Mucoepidermoid carcinoma is the most common salivary gland cancer, typically occurring in people in their 20s to 50s. It can manifest in any salivary gland, often in a minor salivary gland of the palate, or it can occur deep within the bone, such as in the wall of a dentigerous cyst. Intermediate and high-grade mucoepidermoid carcinomas may metastasize to the regional lymphatics, which must be addressed with surgical dissection or postoperative radiation therapy.

Adenoid cystic carcinoma is the most common malignant tumor of minor salivary glands (and of the trachea). It is a slowly growing malignant transformation of a much more common benign cylindroma. Its peak incidence is between ages 40 and 60, and symptoms include severe pain and, often, facial nerve paralysis. It has a propensity for perineural invasion and spread, with disease potentially extending many centimeters from the main tumor mass. Lymphatic spread is not a common feature of this tumor, so elective nodal treatment is less common. Although the 5- and 10-yr survival rates are quite good, the 15- and 20-yr rates are quite poor, with most patients developing distant metastases. Pulmonary metastases are common, although patients can live quite long with them.
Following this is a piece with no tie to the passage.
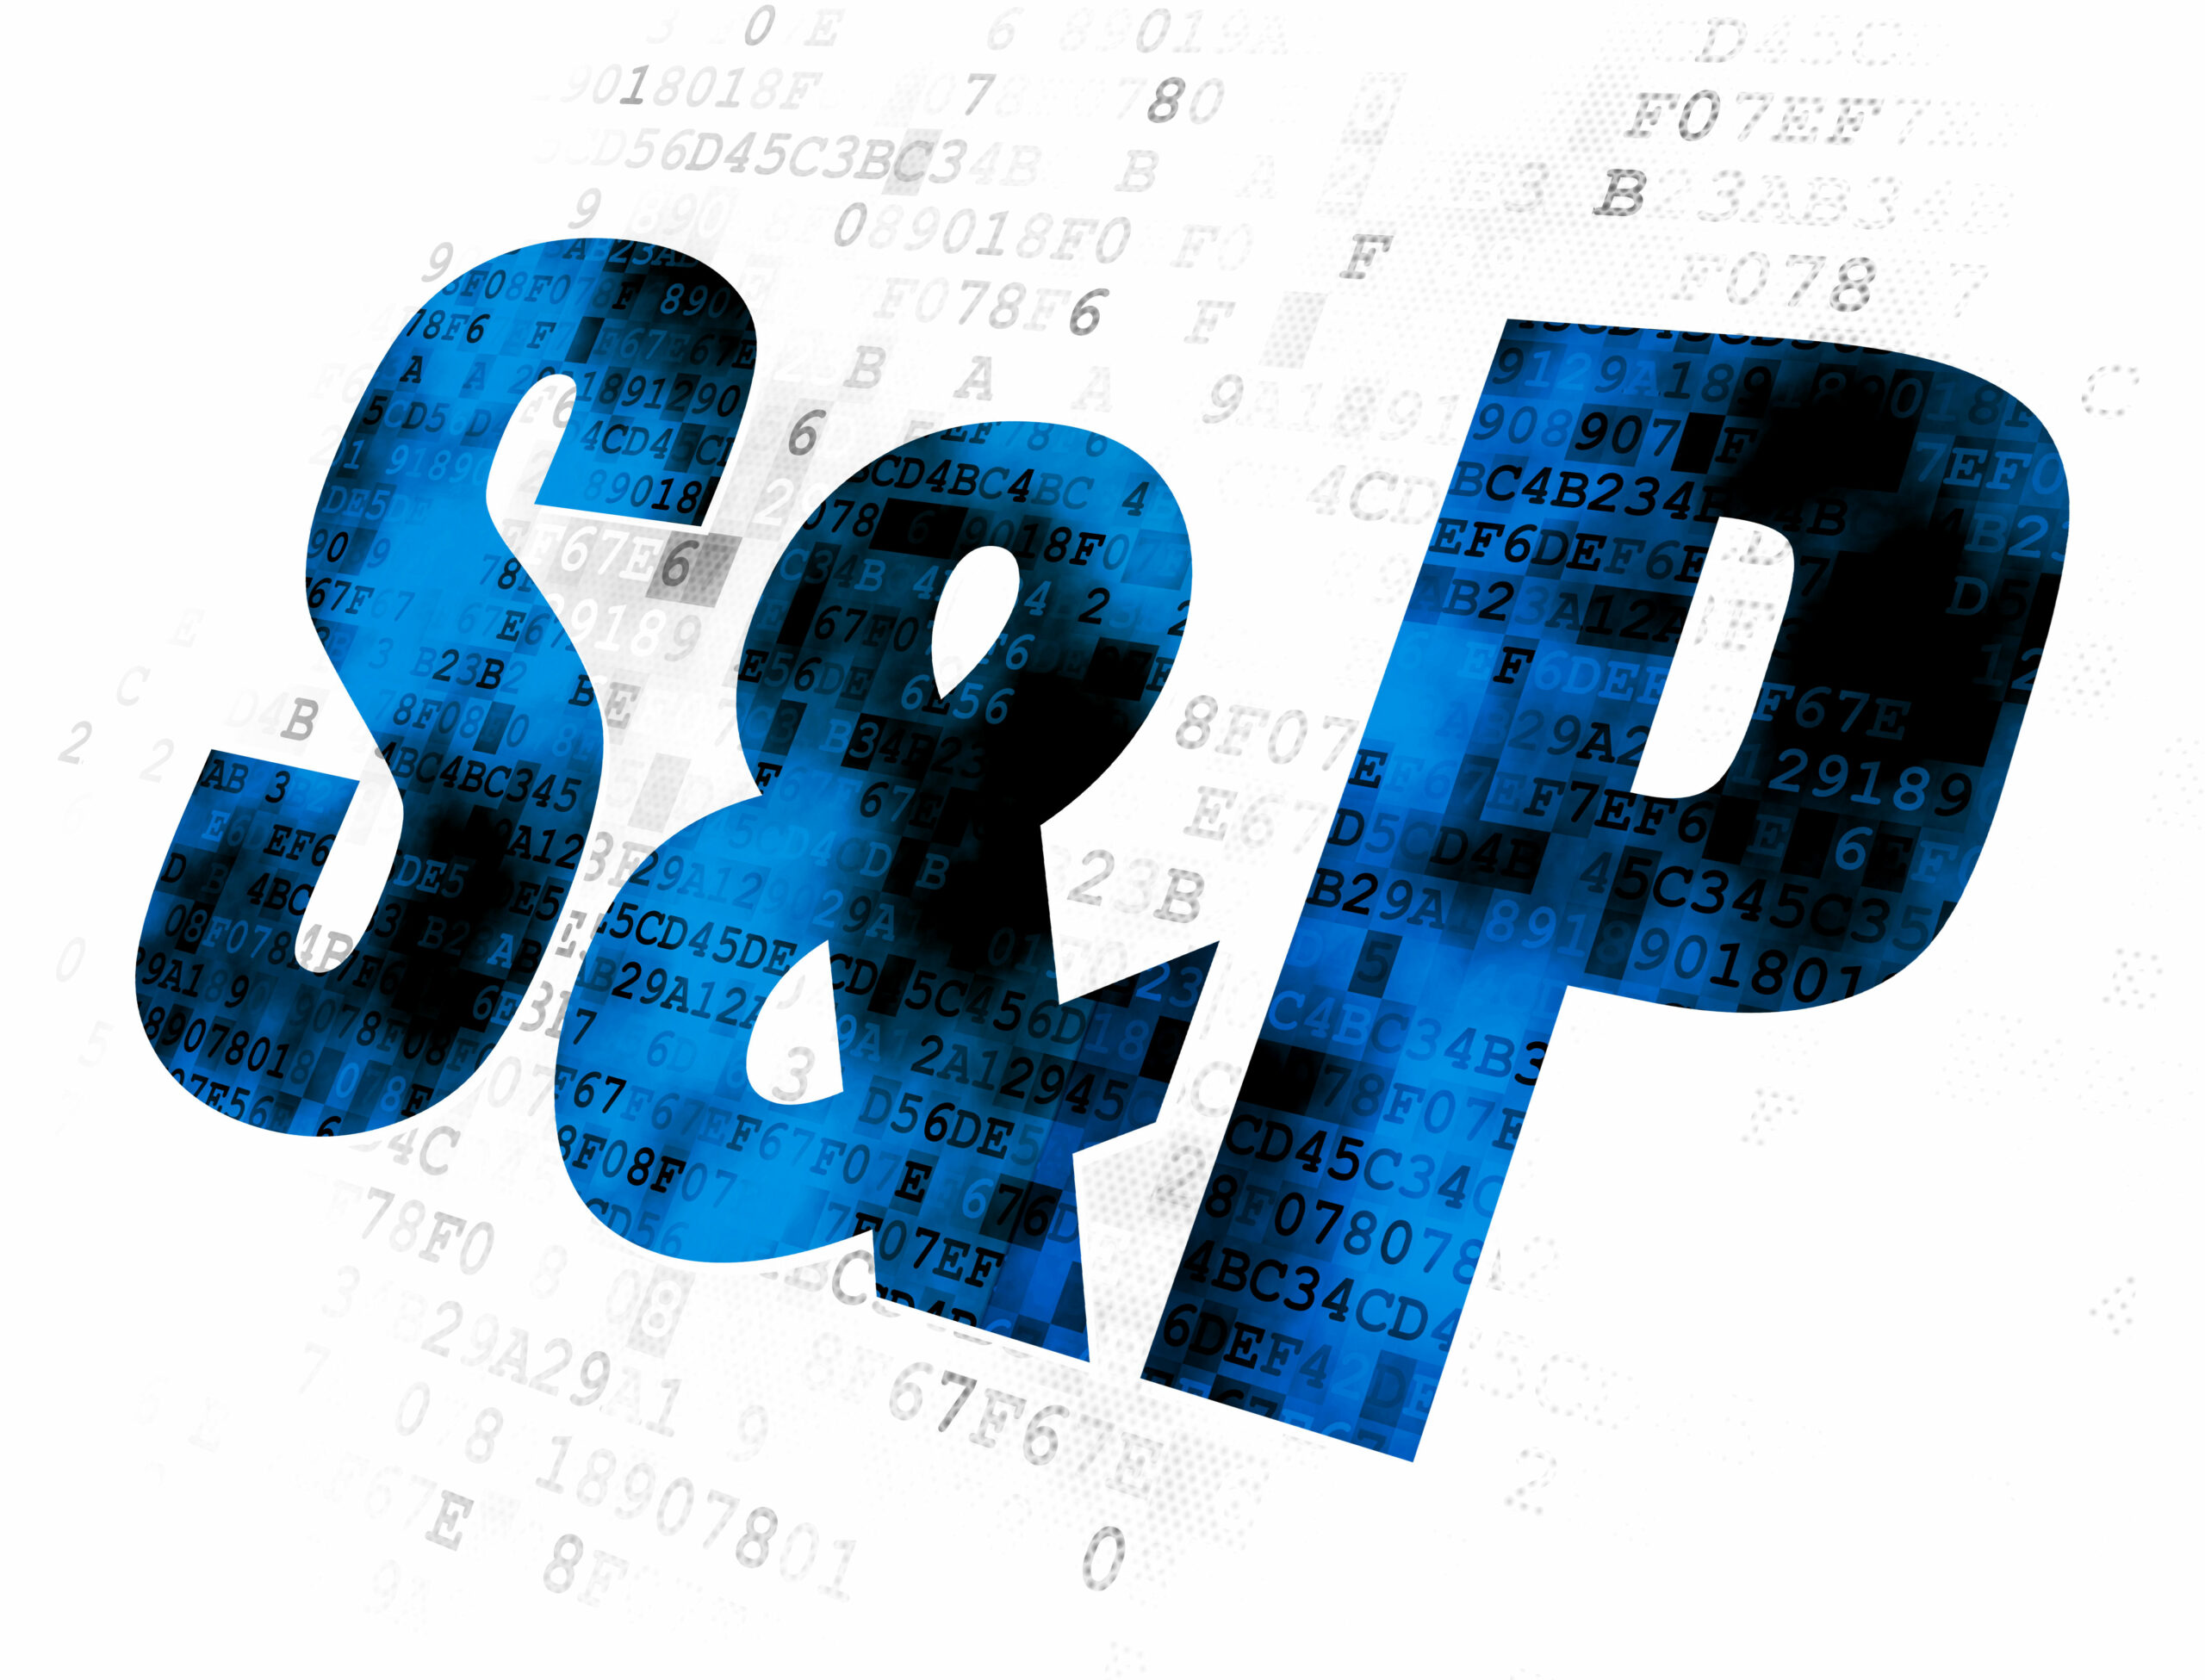 Stock market indexes concept: S&P on Digital background

Acinic cell carcinoma, a common parotid tumor, occurs in people in their 40s and 50s. This carcinoma has a more indolent course, as well as an incidence of multifocality.

Carcinoma ex mixed tumor is adenocarcinoma arising in a preexisting benign carcinoma ex mixed tumor. Only the carcinomatous element metastasizes.

Symptoms and Signs

Most benign and malignant tumors manifest as a painless mass. However, malignant tumors may invade nerves, causing localized or regional pain, numbness, paresthesia, causalgia, or a loss of motor function.

Diagnosis

  • Biopsy
  • CT and MRI for extent of disease

CT and MRI locate the tumor and describe its extent. Biopsy confirms the cell type. A search for spread to regional nodes or distant metastases in the lung, liver, bone, or brain may be indicated before treatment is selected.

Treatment

  • Surgery, sometimes plus radiation therapy

Treatment of benign tumors is surgery. The recurrence rate is high when excision is incomplete.
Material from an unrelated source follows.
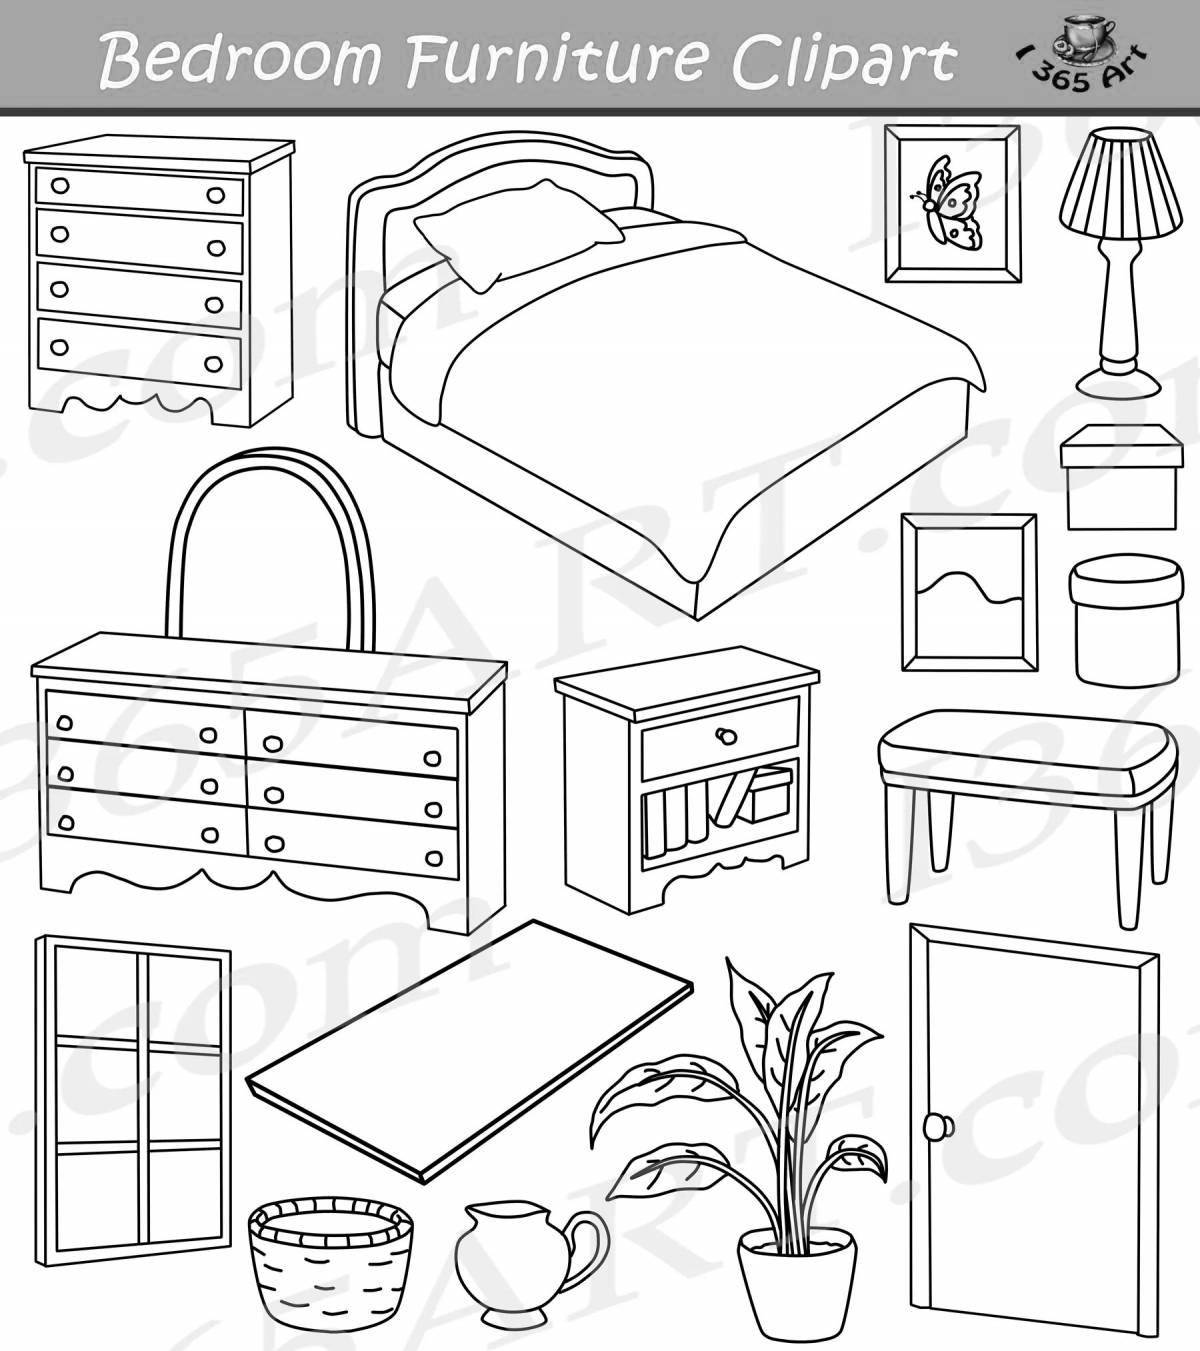 Playful coloring of bedroom furniture

Treatment of mucoepidermoid carcinoma consists of wide excision and postoperative radiation. The 5-yr survival rate is 95% with the low-grade type, primarily affecting mucus cells, and 50% with the high-grade type, primarily affecting epidermoid cells. Treatment of adenoid cystic carcinoma is wide surgical excision, but local recurrence is common. Lung metastases and death are likely, although many years, to a decade or more, after the initial diagnosis and treatment. The prognosis for acinic cell carcinoma is favorable after wide excision. All surgeries are designed to spare the facial nerve, which is sacrificed only in cases of direct tumor involvement with the nerve.